The Common Rule, he said, tries to deal with the conflict of interest of being a researcher and physician at the same time. Researchers have the duty of contributing to general human knowledge, while physicians have the duty of providing care to individual patients, which creates a conflicting social role. The hands-on, practical elements of the research ethics established by the Common Rule are about resolving the core risk to human subjects that their autonomy will be compromised, and they will not receive adequate care if the researcher role dominates. The application of the Common Rule to other research fields means that the previously established social roles, obligations, and epistemologies respected in other research fields must fit under a set of rules that were designed for a very particular historical task of addressing the conflict of being a researcher physician, explained Metcalf.
Historically, the academic departments that constitute what is now called data science—mathematics, statistics, and computer science—have not had contact with IRBs, which means they often do not have contact with any formal ethics training. Another complicating issue is that the Common Rule defines research as the creation of new data in pursuit of generalizable knowledge, but data science deals mostly with preexisting, public, or repurposed data sets to discover new phenomena or generate new mathematical or computer science insights. In addition, the Common Rule deals with individuals, and IRBs are excluded by statute from being concerned with potential downstream impacts of research on society or communities.
Another problem with the Common Rule as it concerns data science is that data science makes anyone a researcher and everyone a research subject. Data science is also about making humanity predictable and “leverageable,” and when research switches from aiming to be generalizable to being predictable, it shifts all the harms and benefits downstream and it makes consent nearly impossible. “How do you consent 10 million people?” asked Metcalf. “We do not know how to make sense of that sort of practical handshake that is supposed to happen between researcher and research subject.”

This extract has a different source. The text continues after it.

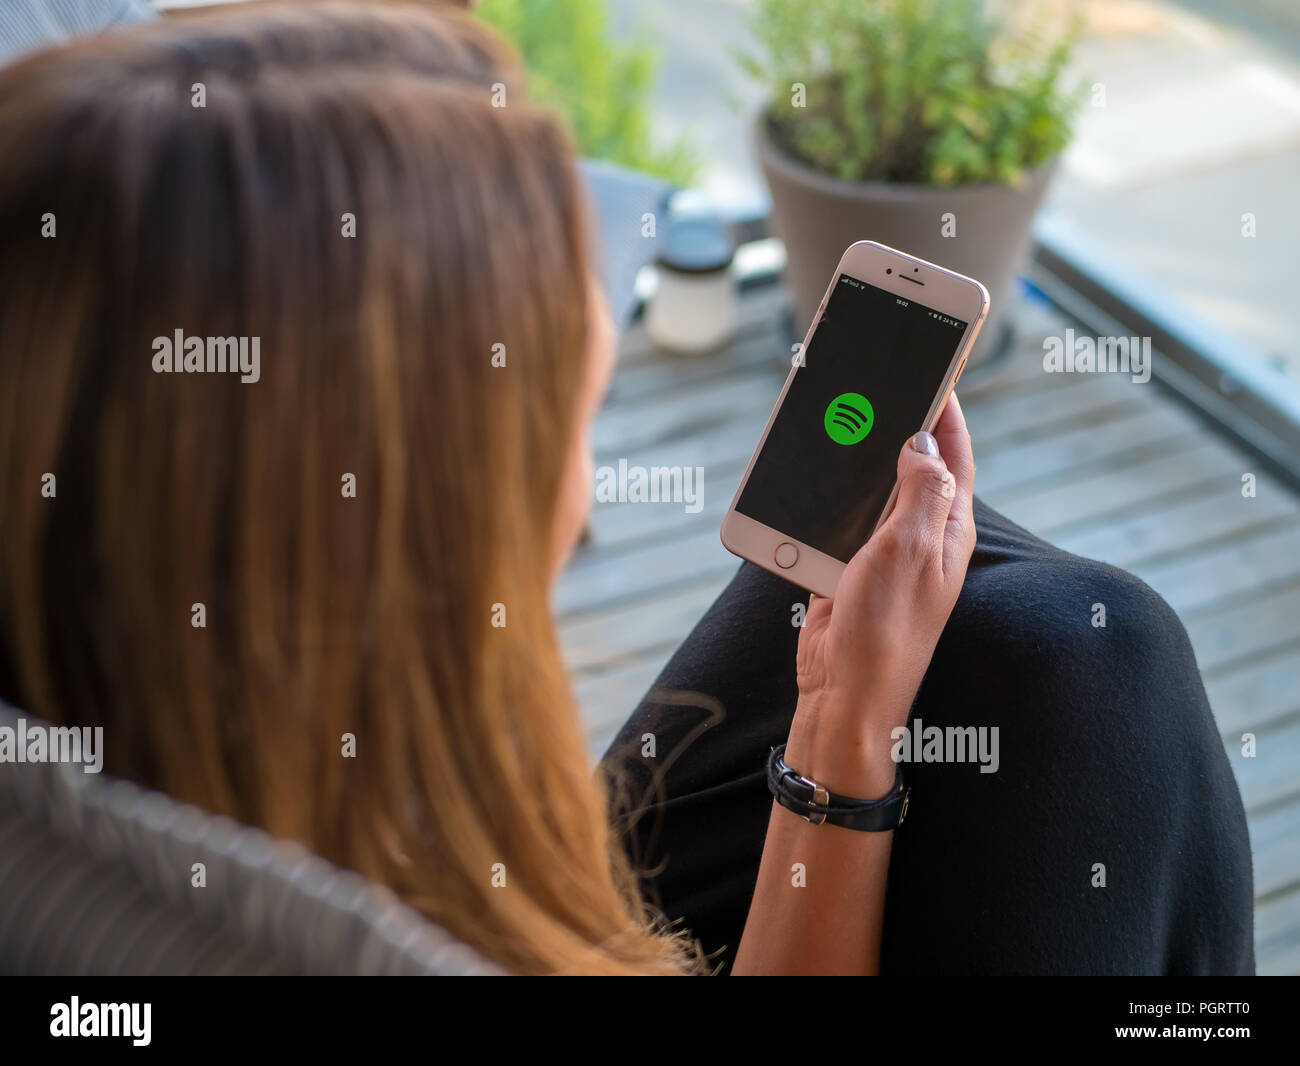 Stockholm, Schweden, 14. Juni 2018: Frauen, die ein Smartphone oder Handy mit Spotify Musik App laden. Ansicht von der Rückseite, selektive konzentrieren. Stockfoto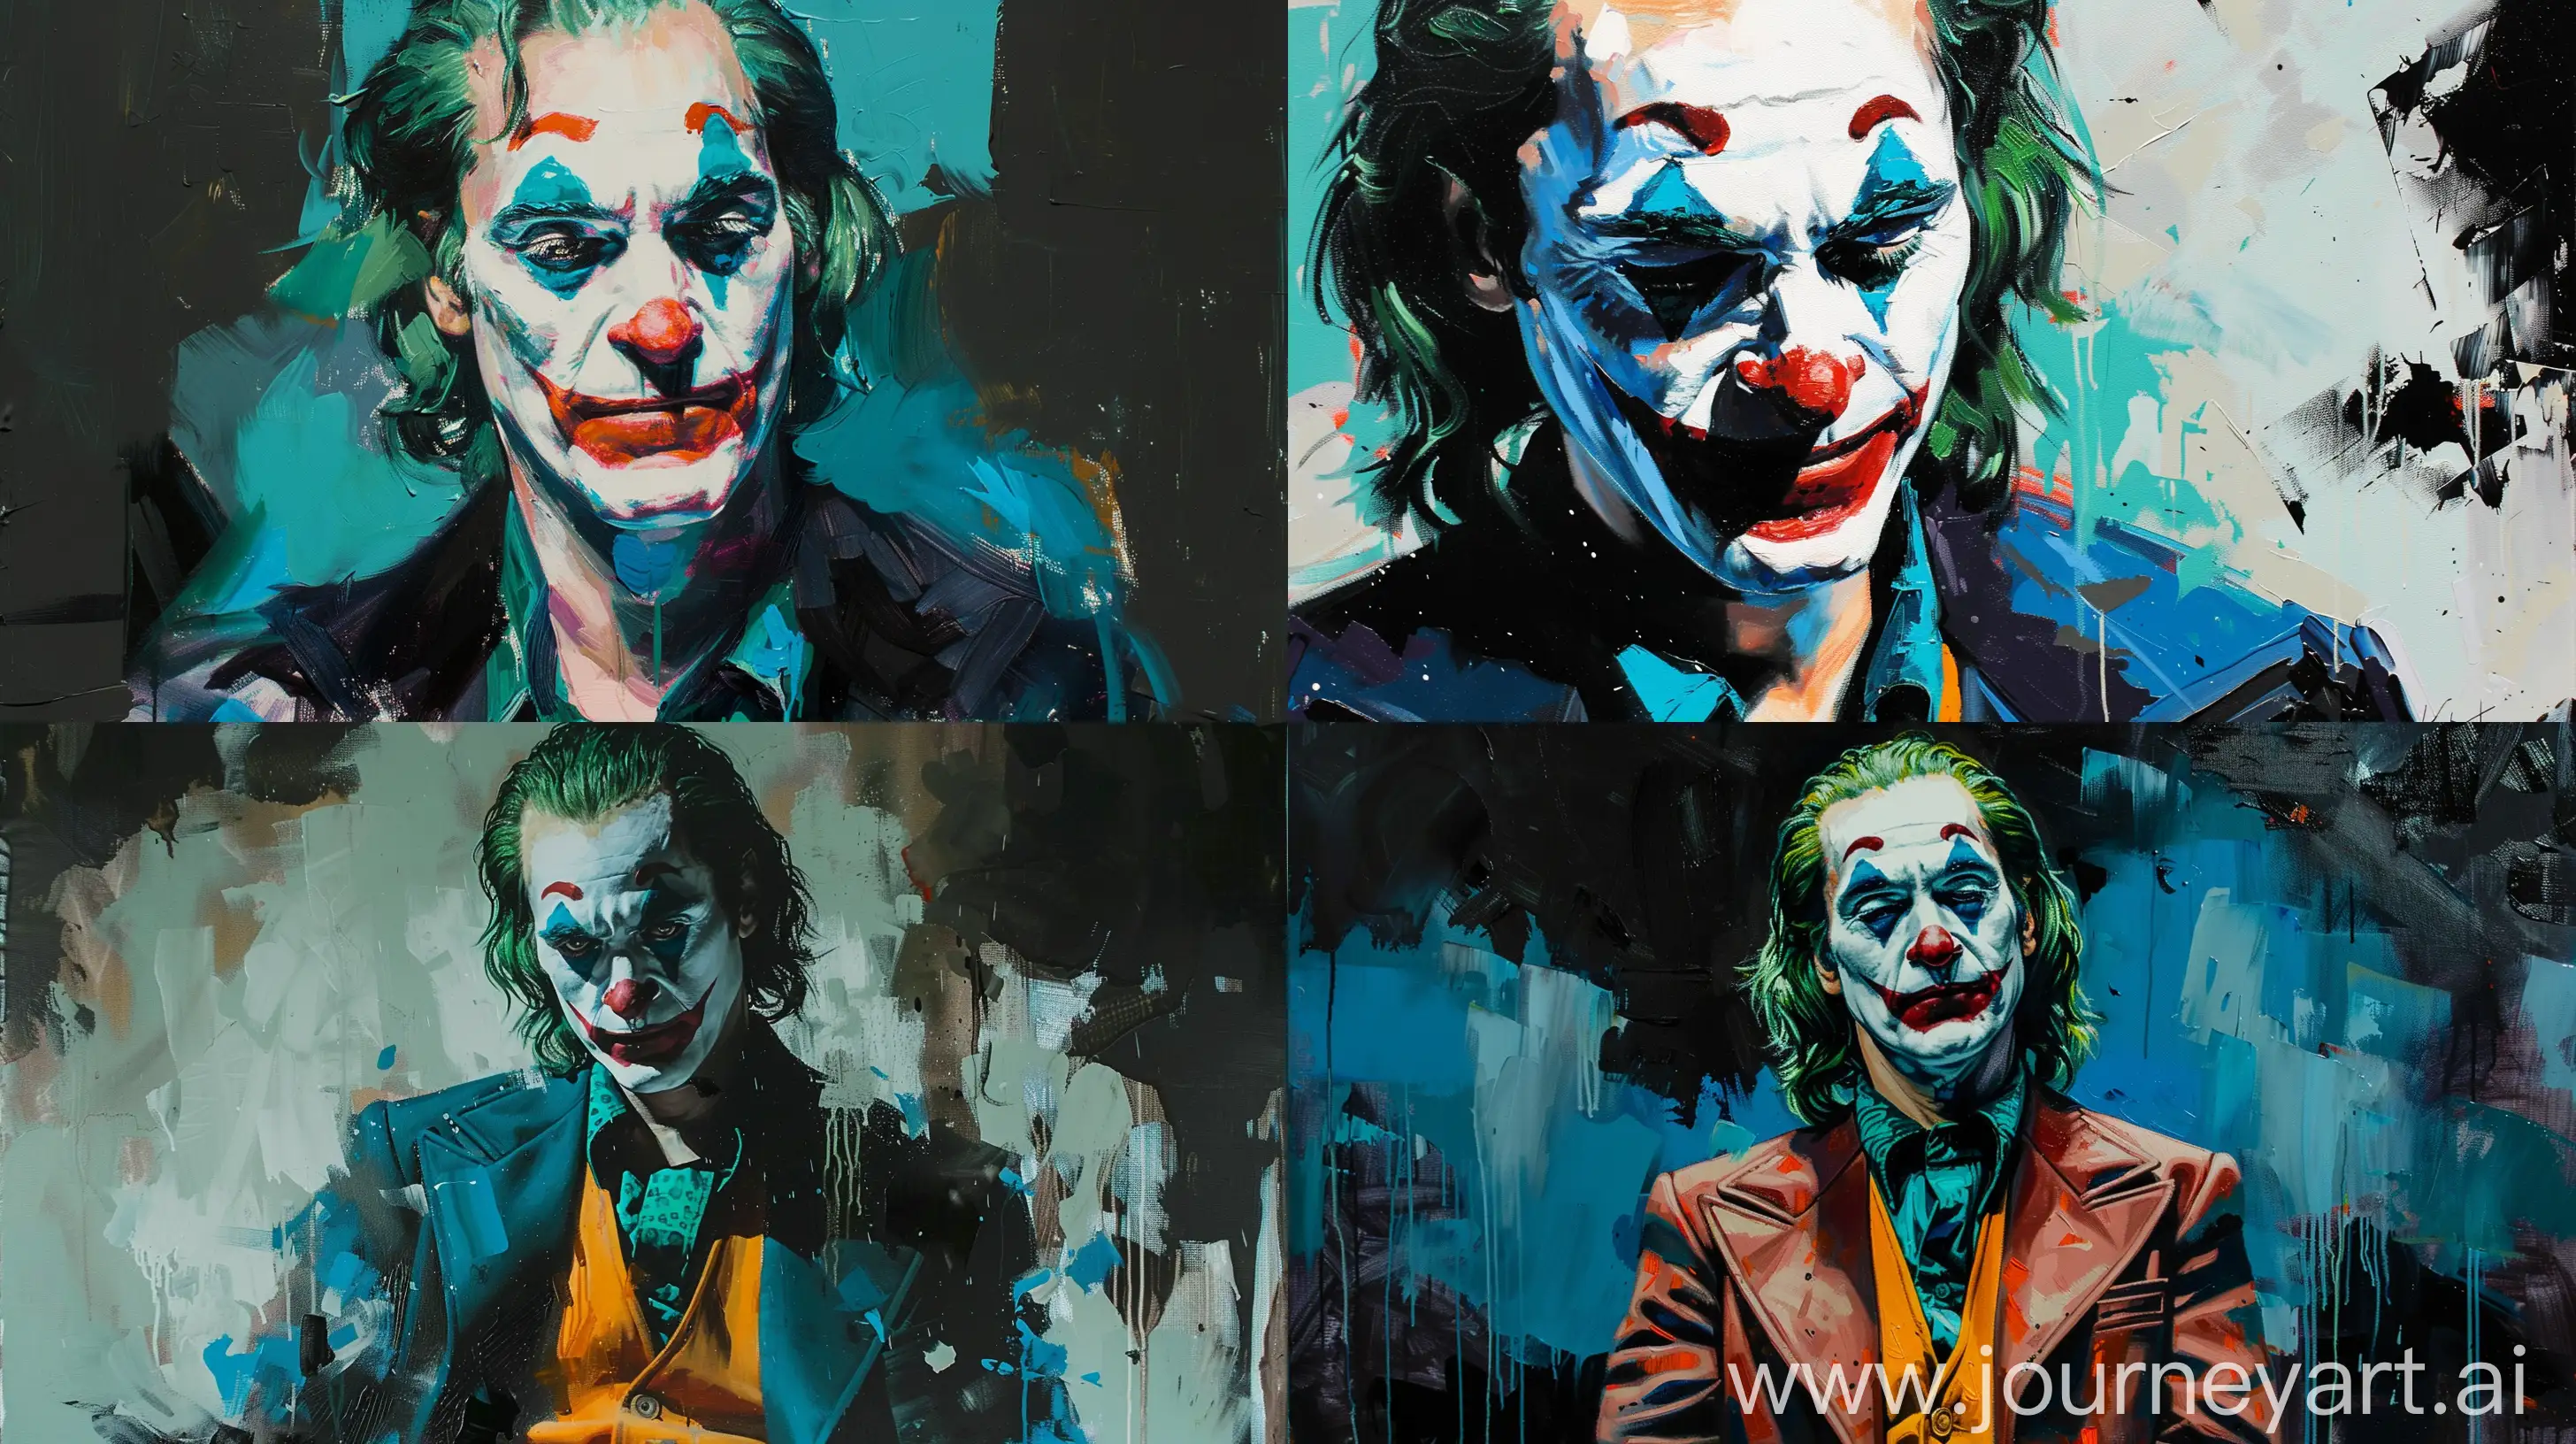 Joaquin-Phoenix-Joker-Portrait-in-Star-Wars-Style

As an example of how this plays out in practical terms, there was a study published in 2018 that used a deep neural network trained on data from a dating website where people self-identify as heterosexual or homosexual to predict sexual orientation based on facial structure more accurately than humans could (Wang and Kosinski, 2018). The researchers claimed they conducted this study for a specific ethical reason, which was that tools for intensive discrimination can be built with off-the-shelf machine learning components and widely available social data and that the public is largely unaware of this. While the researchers reported on Twitter, in response to the public outcry that followed the release of this study, that the study had been approved by their institution’s IRB, Metcalf noted that this study would have been outside of the purview of an IRB because an IRB is supposed to ensure adequate protection of the rights of human research subjects with informed consent at each institution in terms of the research method. “All of the risk here comes downstream for society,” he said. “It has very, very, very little risk for the people whose faces were scraped off of the website, because those
faces are never going to be made public.” Those downstream risks, he explained, would include a country where homosexuality is illegal using such a tool to identify homosexuals and put them in prison or worse.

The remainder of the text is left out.